Impacts of Epigenetics in Pharmacologic and Examples of Psychiatric Mental Health Cases
The epigenetic alterations that occur at individual levels require doctors to provide personalized treatments to patients. Since epigenetic alterations differ from one patient to the other, physicians should do genetic screenings of patients to guide disease prediction and prevention and decision making on the medical recommendations and lifestyle and disease management practices that are best at an individual level (Rasool et al., 2015). For instance, in the case of Schizophrenia, the genetic modifications occur in the histones or DNA such as DNA methylation. For histone modification, HDAC (histone deacetylase) inhibitors drugs are recommended because they up-regulate the levels of reelin and GAD67. HMT (histone demethylase) inhibitors also prevent the demethylation of the H3K4 histone protein. As for DNA methylation, DNMT (DNA Methyltransferases) inhibitors are recommended because they raise the reeling levels of proteins and protein and GAD67 (Swathy & Banerjee, 2017). This requires physicians to make an individual genetic screening of a patient to determine the particular epigenetic alteration they experience before recommending drug prescriptions that are best and specific to them.
References
Inanobe, A., & Kurachi, Y. (2014). Membrane channels as integrators of G-protein-mediated signaling. Biochimica Et Biophysica Acta (BBA)-Biomembranes, 1838(2), 521-531.

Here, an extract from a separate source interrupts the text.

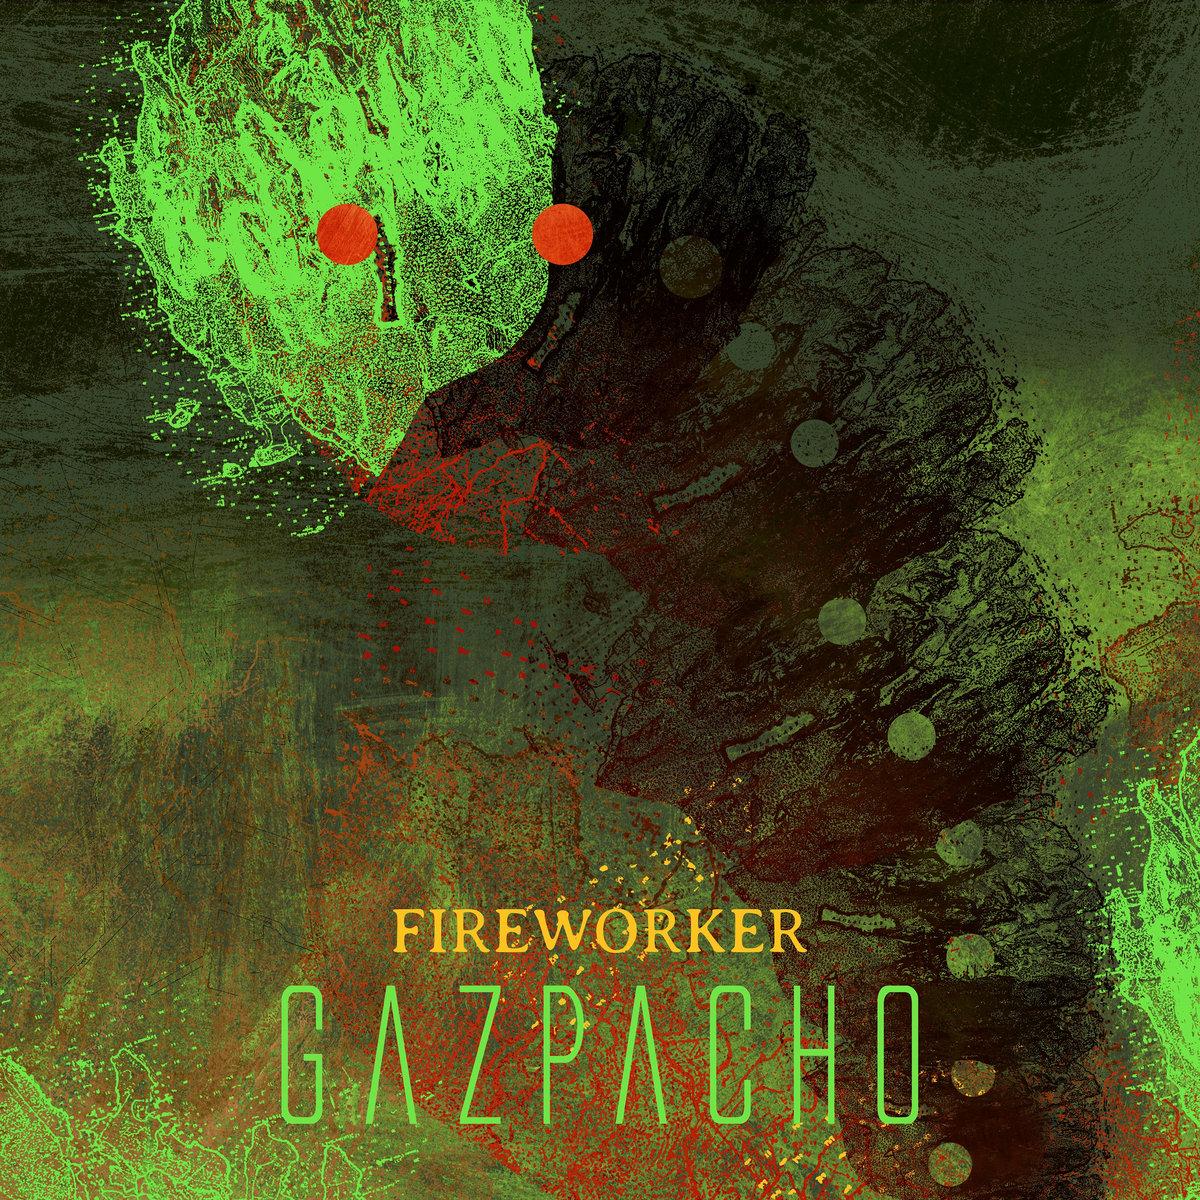 Gazpacho: Fireworker

Laureate Education (Producer). (2016i). Introduction to psychopharmacology [Video file]. Baltimore, MD: Author.
Rasool, M., Malik, A., Naseer, M. I., Manan, A., Ansari, S. A., Begum, I., & Kamal, M. A. (2015). The role of epigenetics in personalized medicine: challenges and opportunities. BMC medical genomics, 8(S1), S5.
Stahl, S. M. (2013). Stahl’s essential psychopharmacology: Neuroscientific basis and practical applications (4th ed.). New York, NY: Cambridge University Press *Preface, pp. ix–x
Swathy, B., & Banerjee, M. (2017). Understanding epigenetics of schizophrenia in the backdrop of its antipsychotic drug therapy. Epigenomics, 9(5), 721-736.